Let N(t) be the number of bacteria after t days. Then N(t) = Pa^t for some constants P and a. Measurements indicate that N(4) = 5600 and N(8) = 362, 000.
a. Before working the problem, estimate the value of N(7), the number of bacteria at noon on the fourth day.
b. Write down two equations for P and a, one when t = 4 and the other when t = 8.
Thanks!
To solve this problem, we need to find the values of P and a in the equation N(t) = Pa^t using the given information.
a. To estimate the value of N(7), we can interpolate between the known values of N(4) and N(8). Since 7 is exactly halfway between 4 and 8, we can take the geometric mean of N(4) and N(8) to get an estimate.

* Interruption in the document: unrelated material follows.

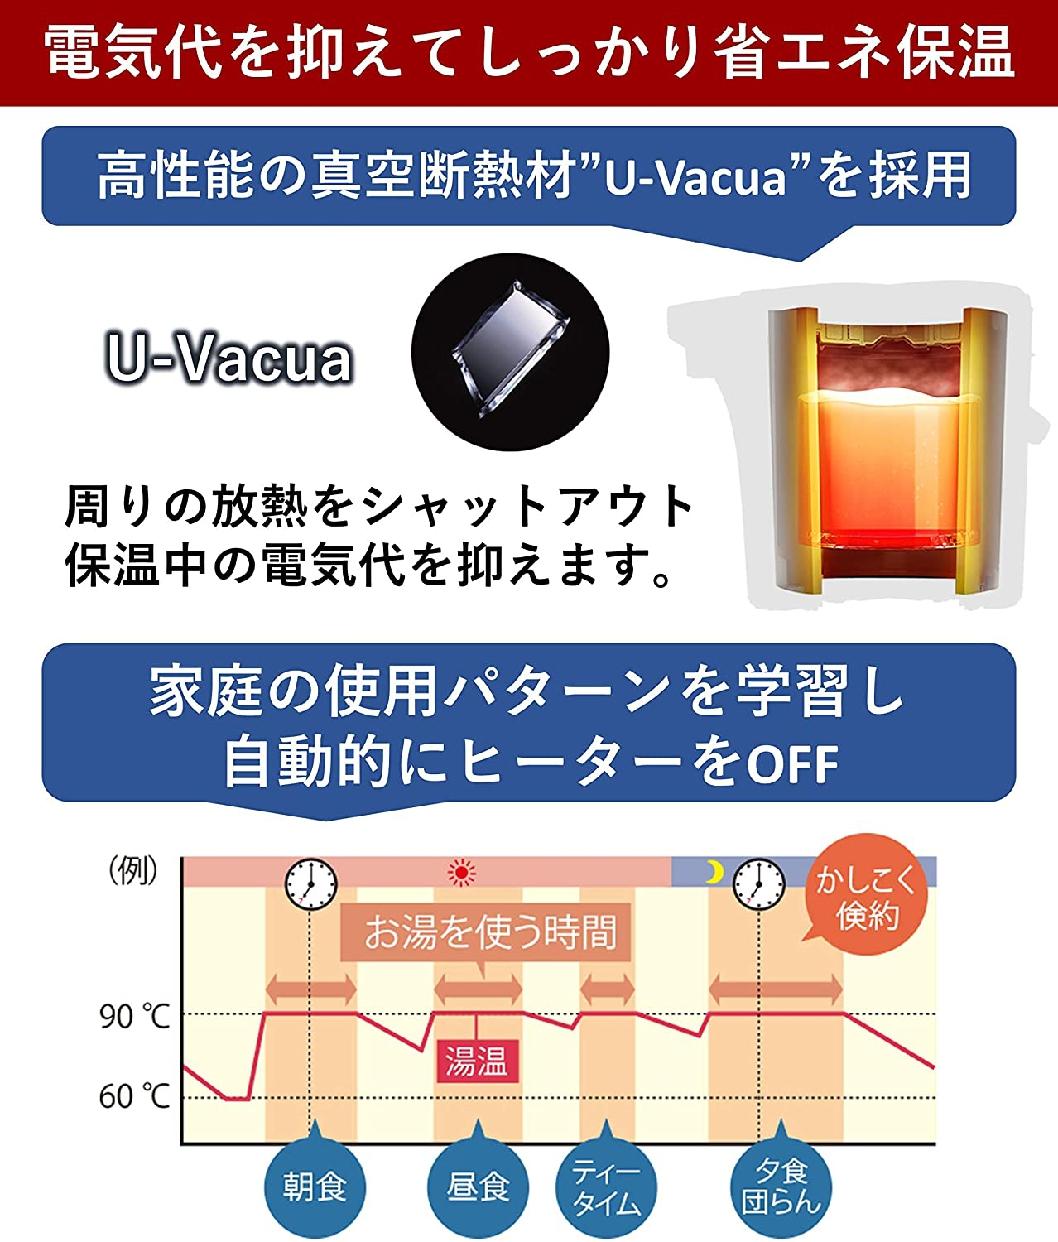 Panasonic(パナソニック)マイコン沸騰ジャーポット NC-SU404の商品画像3

The geometric mean is calculated by taking the square root of the product of two numbers. So, the estimate for N(7) is:
√(N(4) * N(8)) = √(5600 * 362000) ≈ √(2,027,200,000) ≈ 45,041 (rounded to the nearest whole number)

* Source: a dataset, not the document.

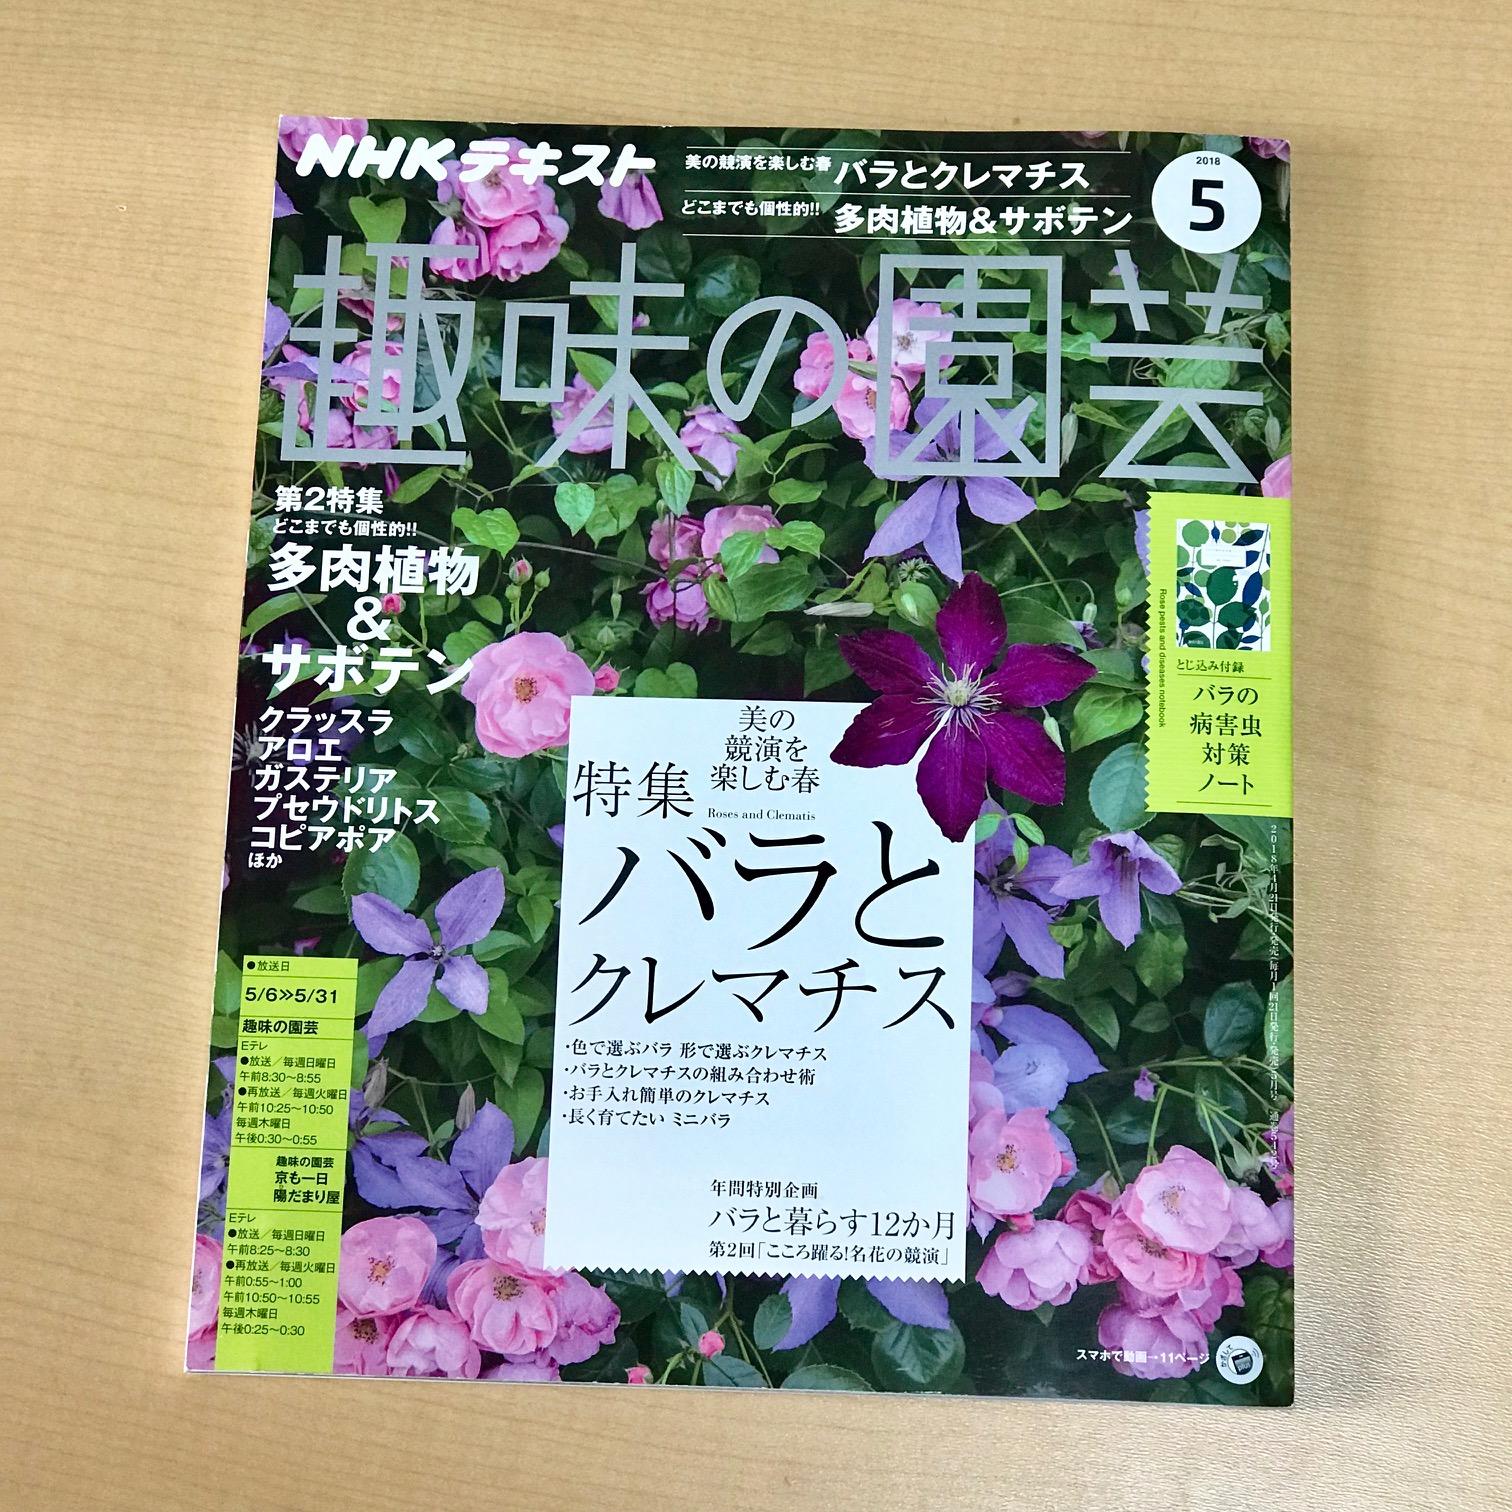 趣味の園芸5月号はバラとクレチマスの特集です

Therefore, the approximate value of N(7) is 45,041.
b. We can write down two equations for P and a using the given information.
From N(4) = 5600:
5600 = Pa^4
From N(8) = 362,000:
362000 = Pa^8
These equations represent a system of equations that can be solved to find the values of P and a.
By rearranging the first equation, we have:
P = 5600 / a^4
Substituting this value of P into the second equation, we have:
362000 = (5600 / a^4) * a^8
Simplifying, we get:
362000 = 5600 * a^4
Dividing both sides by 5600:
362000 / 5600 = a^4
64.642857 ≈ a^4
Taking the fourth root of both sides:
√(64.642857) ≈ a
a ≈ 2.522
Now, substituting this value of a back into the first equation to solve for P:
5600 = P * (2.522)^4
5600 = P * 40.091088
Dividing both sides by 40.091088:
P = 5600 / 40.091088
P ≈ 139.685
Therefore, the values of P and a are approximately P ≈ 139.685 and a ≈ 2.522.